Kont Ailesinin Çöpü – Ch 331 – SEN KİMSİN? (1)

Beyaz Kemik Ejderha gece gökyüzünde yavaş yavaş kendini gösteriyordu.

“…E, Ejderha-”

Kedi Şövalye Sör Rex şaşkınlıkla Cale’e baktı.

‘Gerçekten bir Ejderhanın kemikleri mi?
Ejderha kemiklerini nereden buldun?’

Bunu daha önce duymamıştı.
Tabii ki Henituse bölgesindeki savaş sırasında o da Kemik Ejderhanın görüntülerini görmüştü, ancak o bir Kara Kemik Ejderhasıydı.

Ayrıca, o Ejderha yok edilmişti.

‘Başka bir takım daha Ejderha kemiği mi vardı?’

Cale, arkasını dönmeden önce bir an için Rex’in şaşkın bakışlarıyla karşılaştı. İmparatorluğun endişeli ve şaşkın vatandaşlarını da görebiliyordu.

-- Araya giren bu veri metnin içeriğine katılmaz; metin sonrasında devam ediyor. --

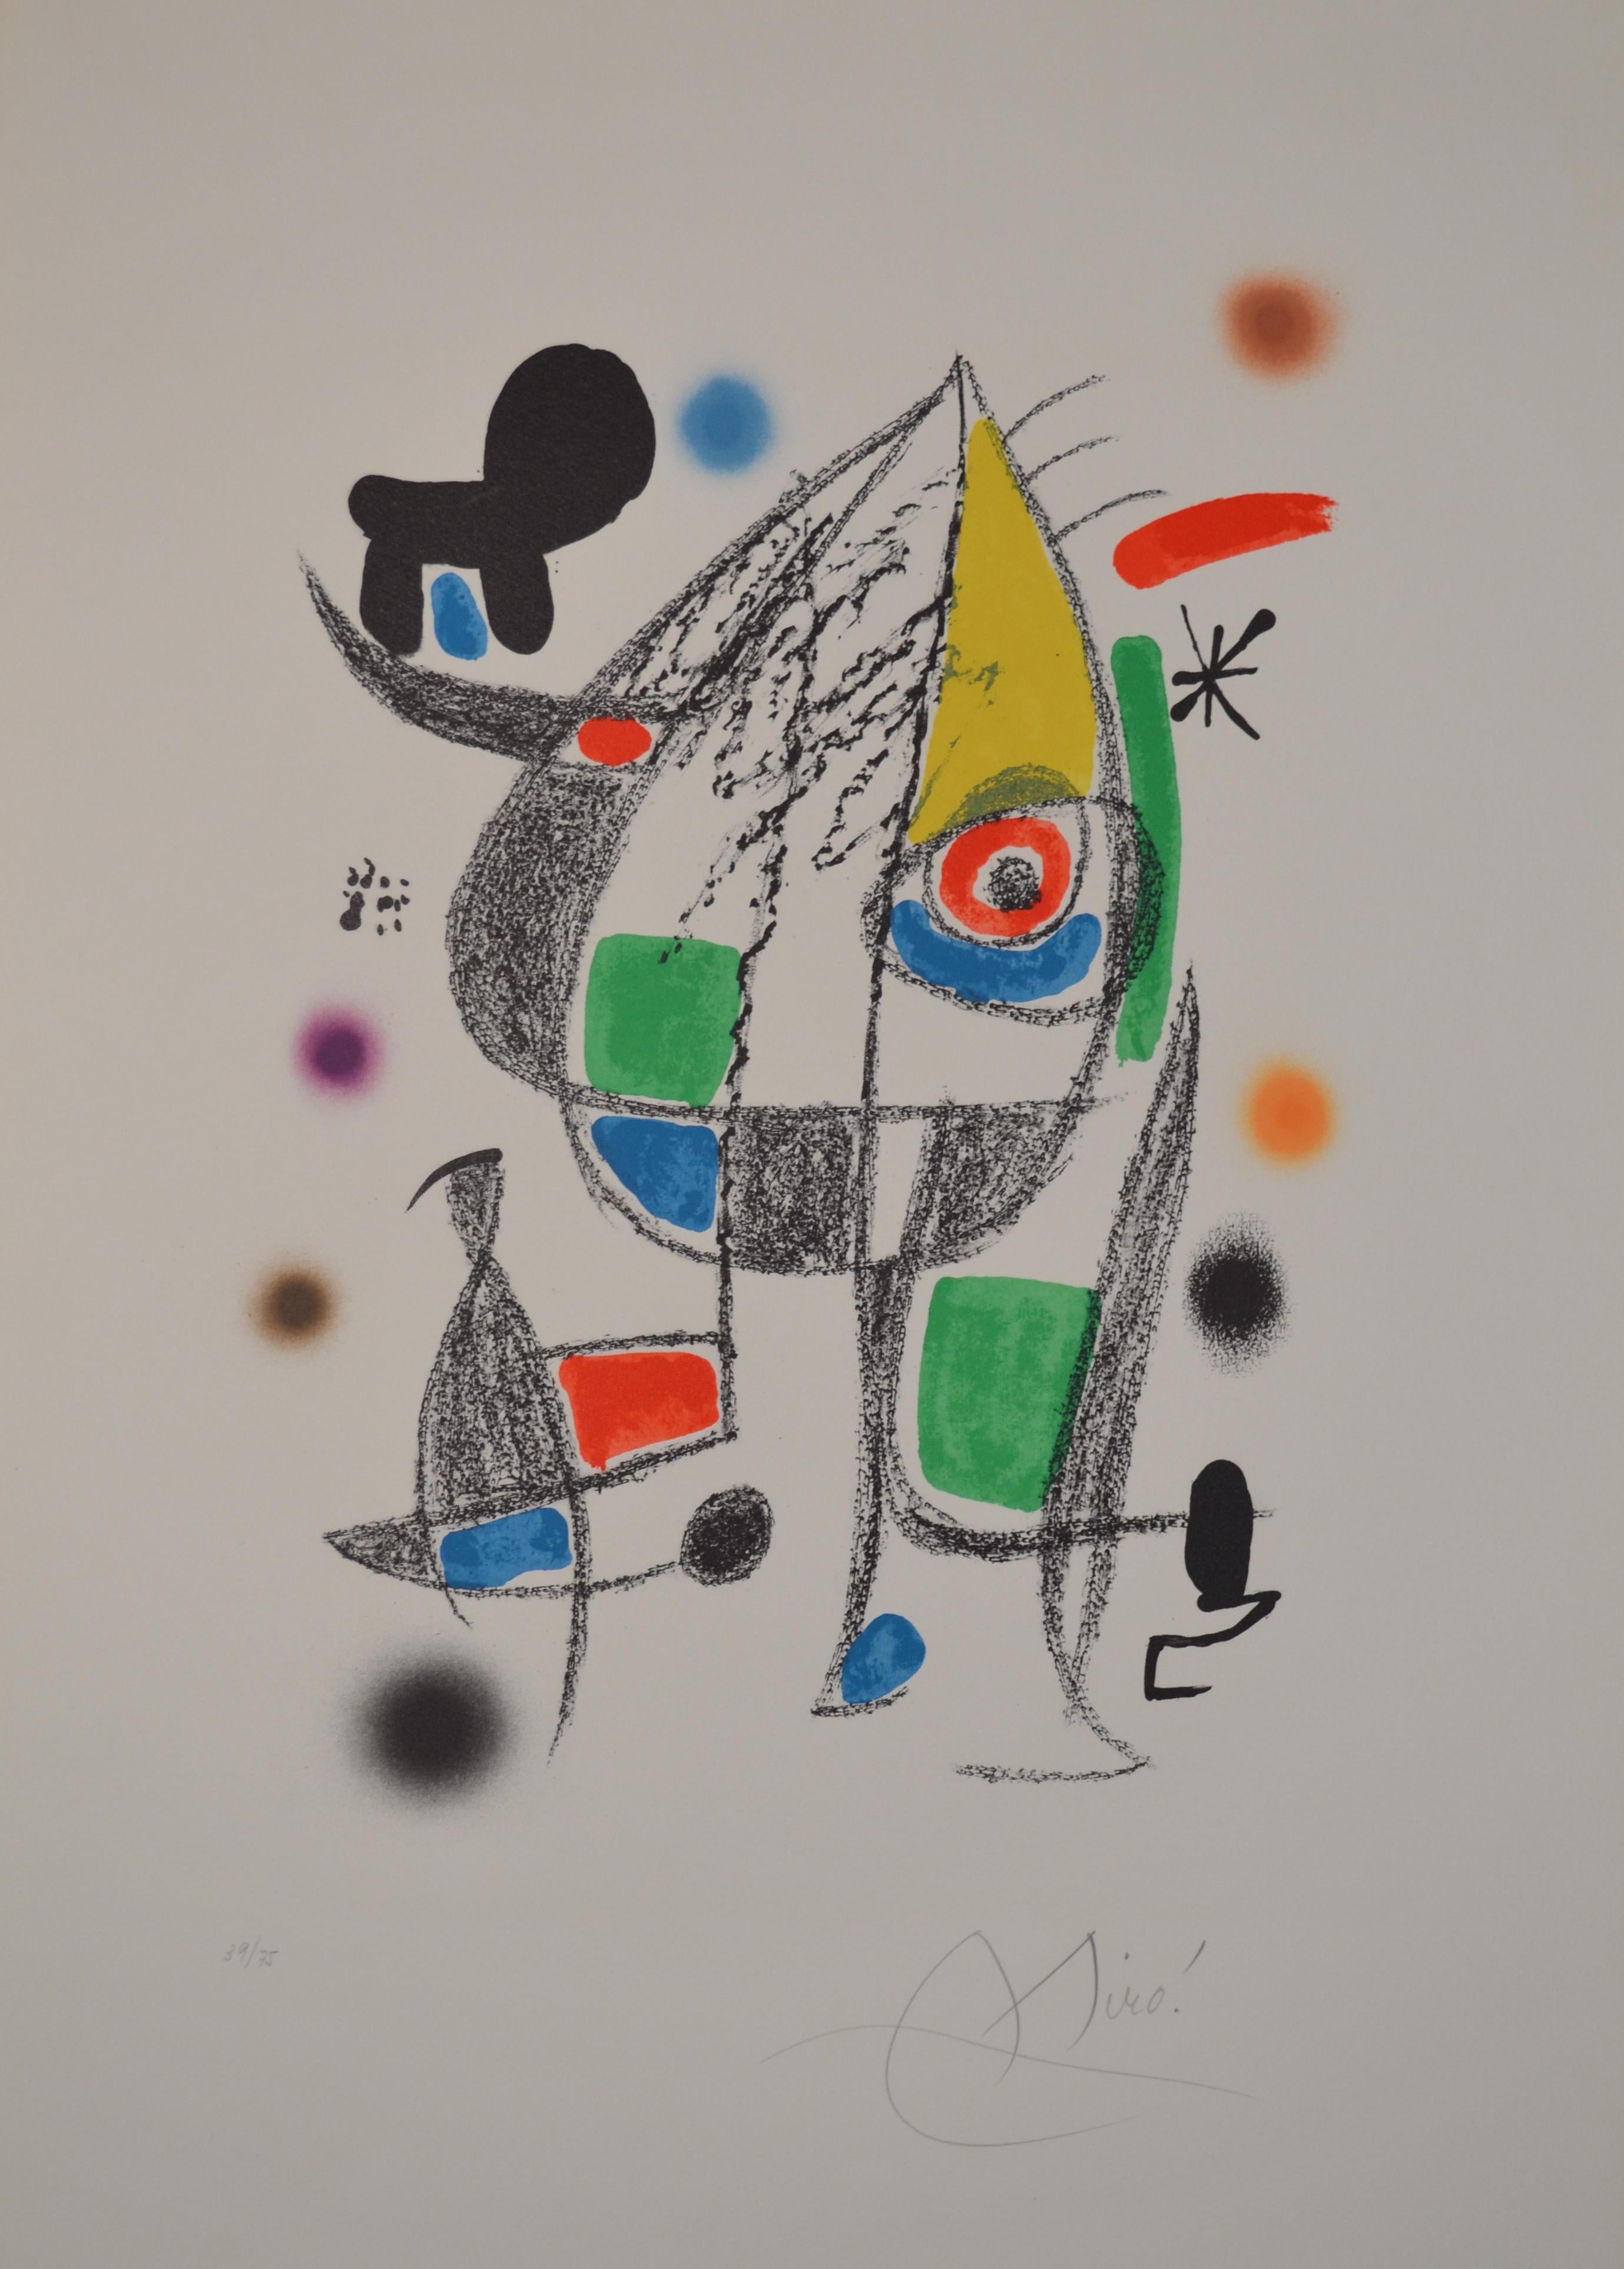 Maravillas - M1072 - Print by Joan Miró
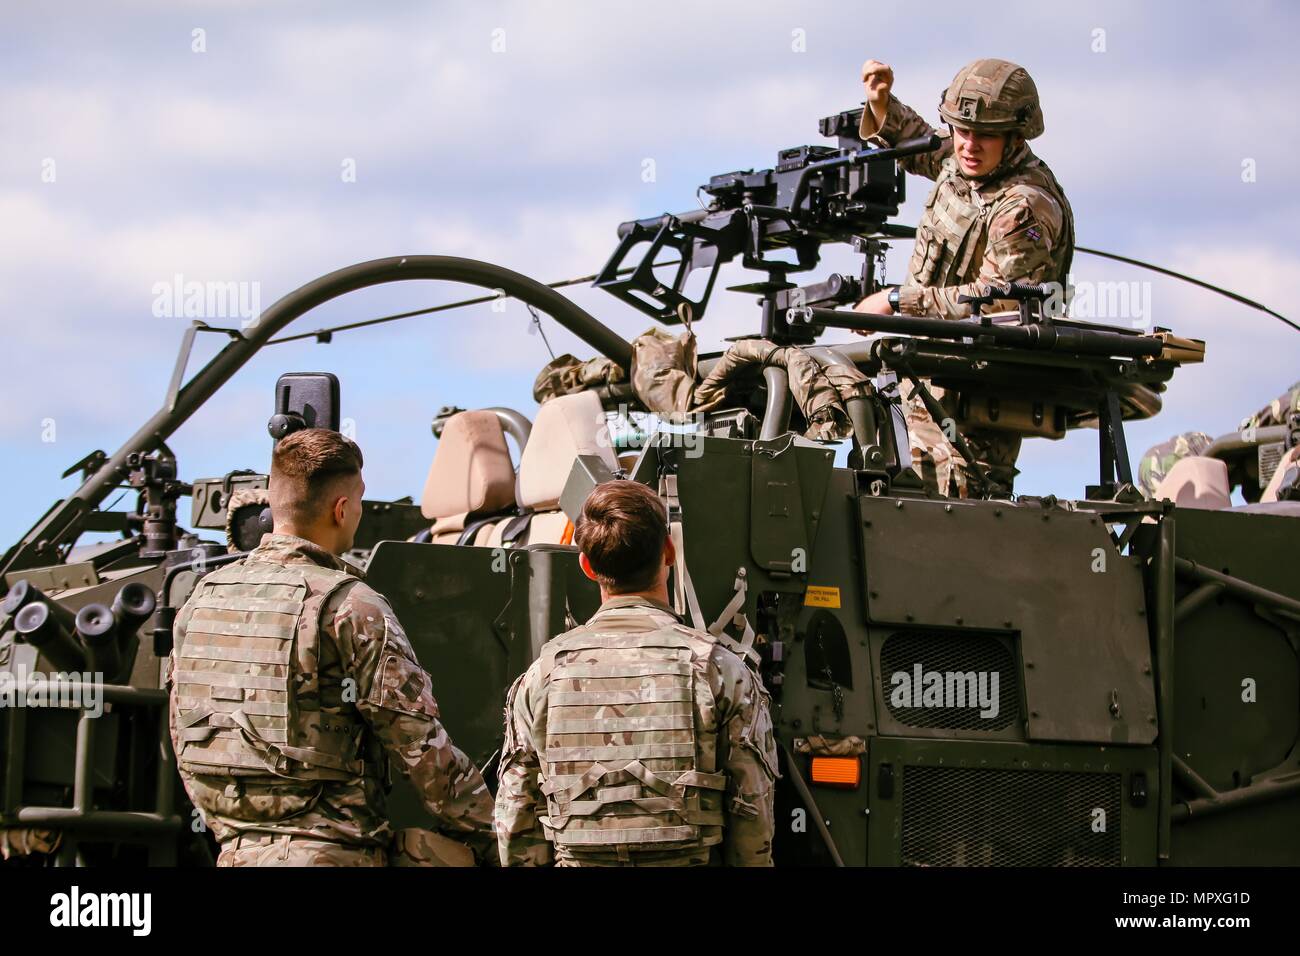 Britischen Armee Soldat 1 Queen's Dragoon Guards (oben, rechts), Soldaten lehrt zugewiesen, wie ein L134A 1 Grenade Machine Gun zu verwenden, während der erste von vier Tag Waffen Schulungsveranstaltung mit dem Battle Group Polen Bemowo Piskie, Polen, am Mai 15, 2018, 15. Mai 2018. Battle Group Polen ist ein einzigartiges, multinationale Koalition von USA GROSSBRITANNIEN Kroatischen und rumänischen Soldaten, die mit der polnischen 15 mechanisierte Brigade als Abschreckung Kraft zur Unterstützung des NATO-Enhanced vorwärts Präsenz dienen. (U.S. Armee Foto von SPC. Hubert D. Delany III/22 Mobile Public Affairs Loslösung) Bild Stockfoto

O anda Raon’un sesini duydu.

– Bu sahte! Herkes bu sahtekârlığa karşı şaşkına dönüyor!

‘Aynen öyle, değil mi?’

Cale’in dudaklarının kenarları başlığının altında yukarı kalktı.

Bunların hepsi Wyvern kemikleriydi.

Ancak, kemikler ve bedenler hakkında dünyadaki en fazla bilgiye sahip olan ve geçmişte bir dizi gerçek Ejderha kemiğini kontrol eden Mary tarafından bir Ejderha gibi bir araya getirilmiştiler.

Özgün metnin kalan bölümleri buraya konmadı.